= WHAT YOU SHOULD DO =
Begin at the line below that has "Pesto green beans" and stop after the line that has "12mm Oval Lentil". Please restate only those lines, word for word.

= MATERIAL PROVIDED =
* * * * * * * * *
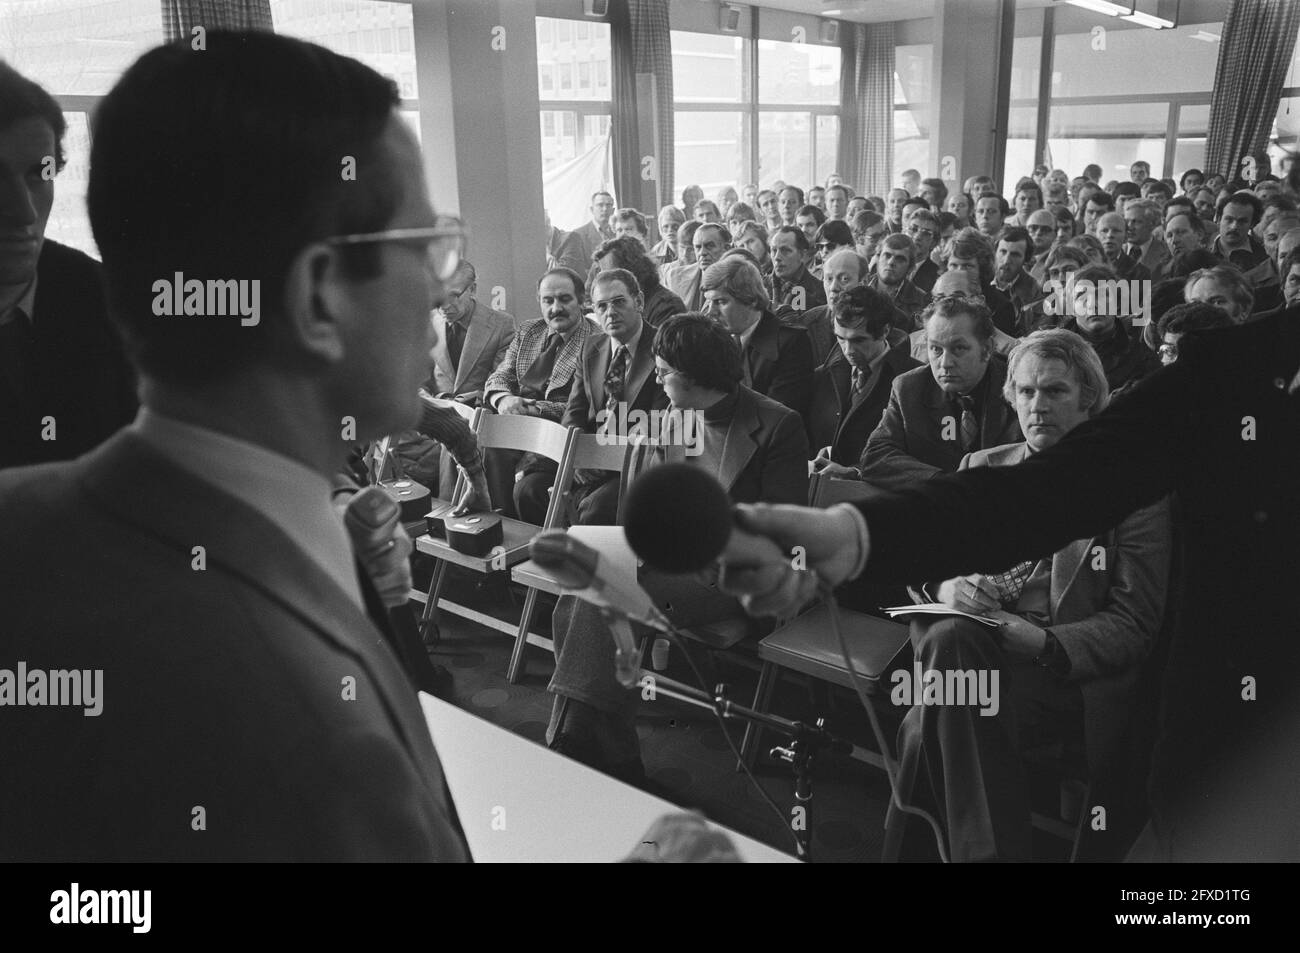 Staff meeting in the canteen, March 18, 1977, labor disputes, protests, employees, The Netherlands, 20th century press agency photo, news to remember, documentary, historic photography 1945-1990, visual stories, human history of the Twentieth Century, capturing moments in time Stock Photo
* * * * * * * * *
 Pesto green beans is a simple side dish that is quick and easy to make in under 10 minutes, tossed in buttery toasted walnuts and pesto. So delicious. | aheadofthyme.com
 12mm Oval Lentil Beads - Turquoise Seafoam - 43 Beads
* * * * * * * * *
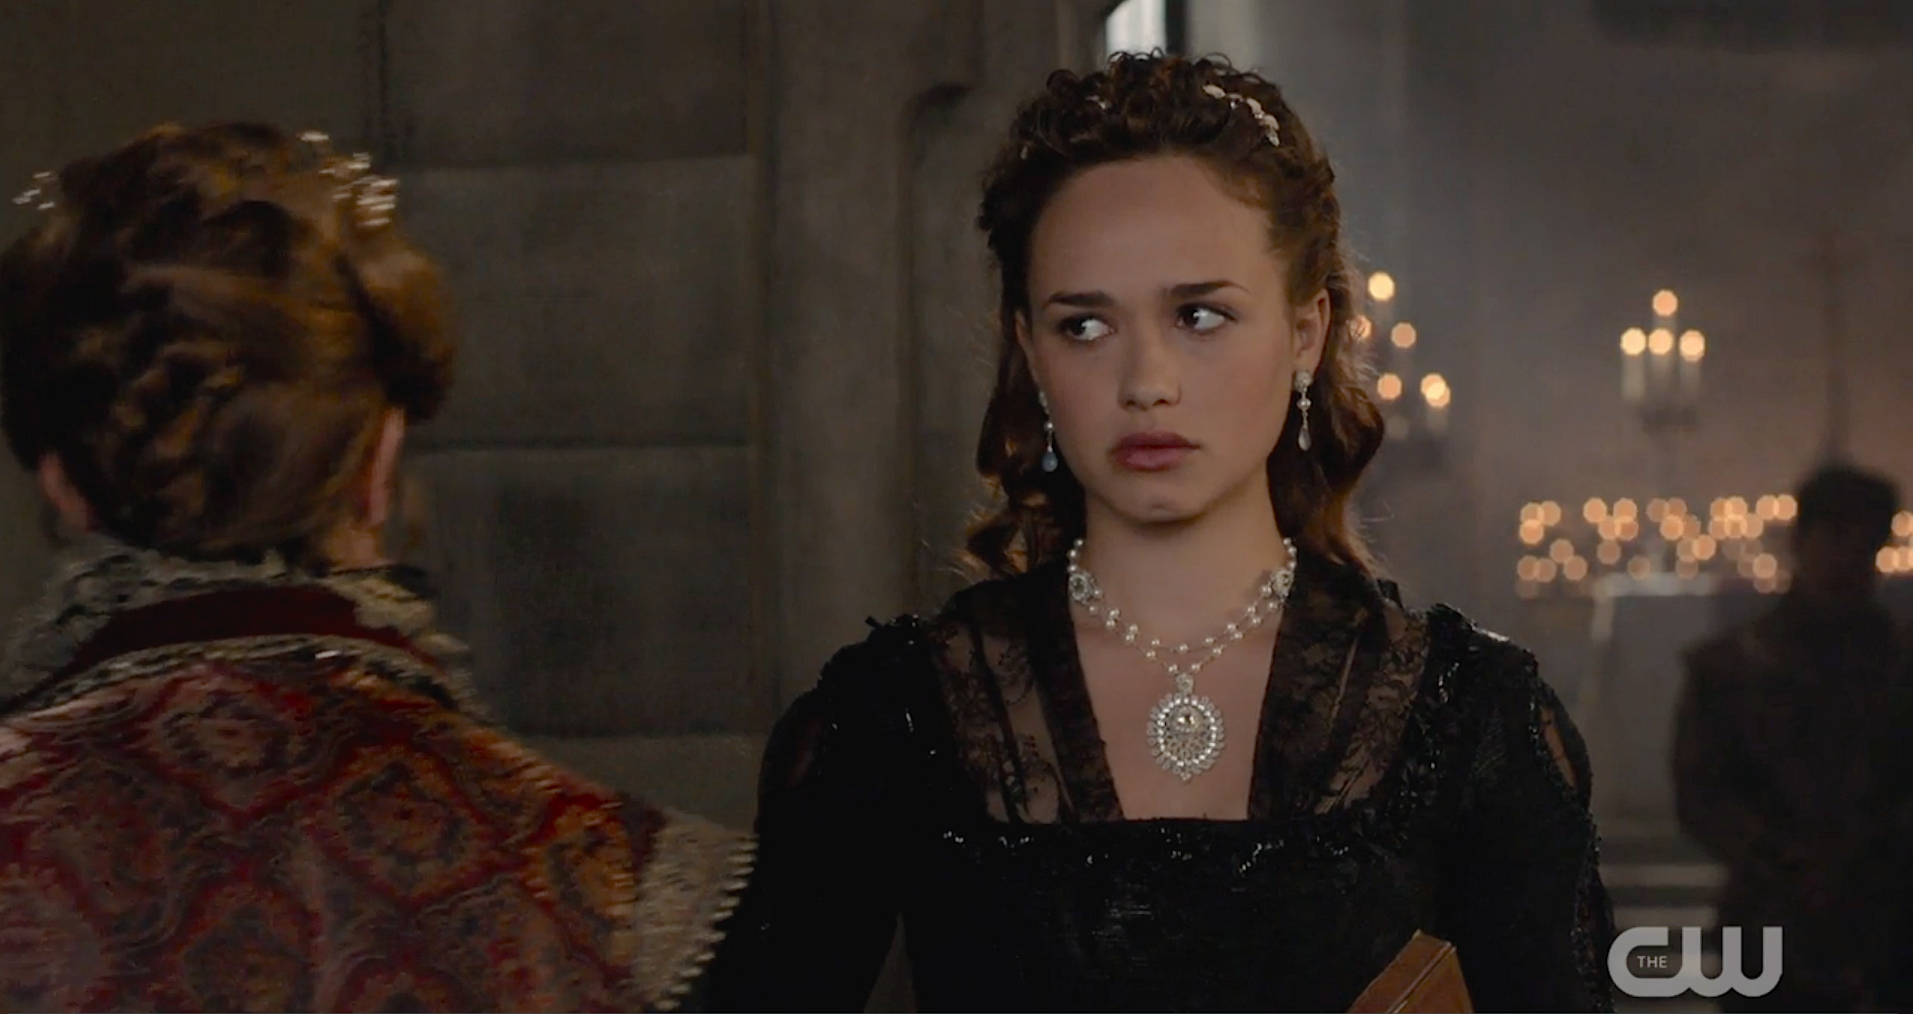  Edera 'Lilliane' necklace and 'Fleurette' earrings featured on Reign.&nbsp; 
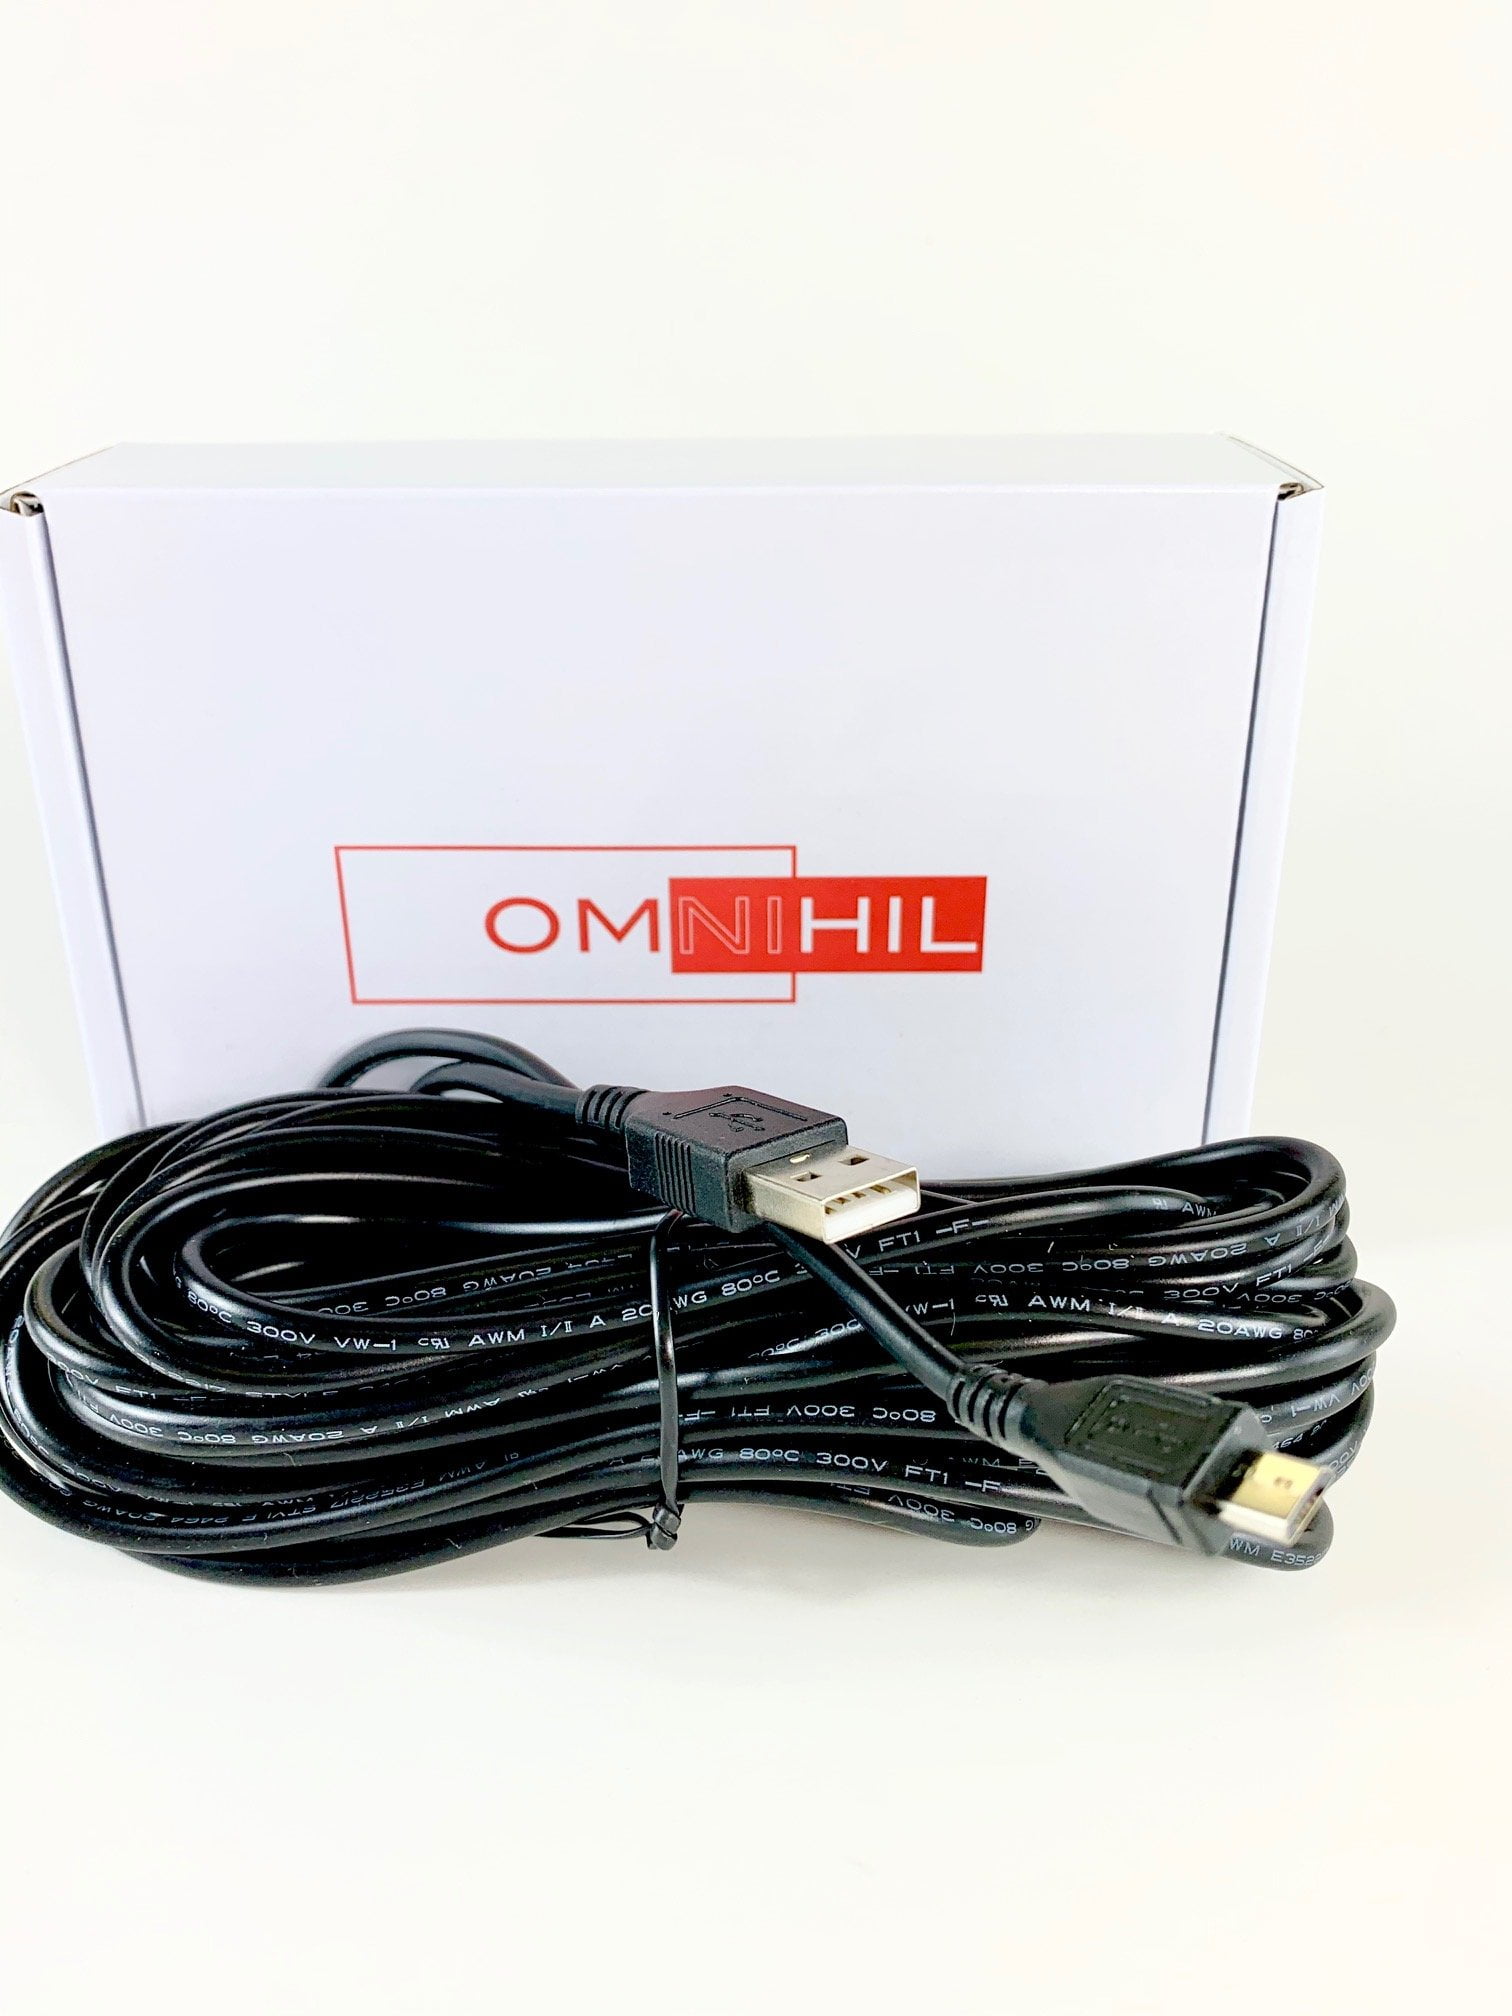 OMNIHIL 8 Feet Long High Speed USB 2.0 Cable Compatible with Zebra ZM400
* * * * * * * * *
= TASK ANSWER =
 Pesto green beans is a simple side dish that is quick and easy to make in under 10 minutes, tossed in buttery toasted walnuts and pesto. So delicious. | aheadofthyme.com
 12mm Oval Lentil Beads - Turquoise Seafoam - 43 Beads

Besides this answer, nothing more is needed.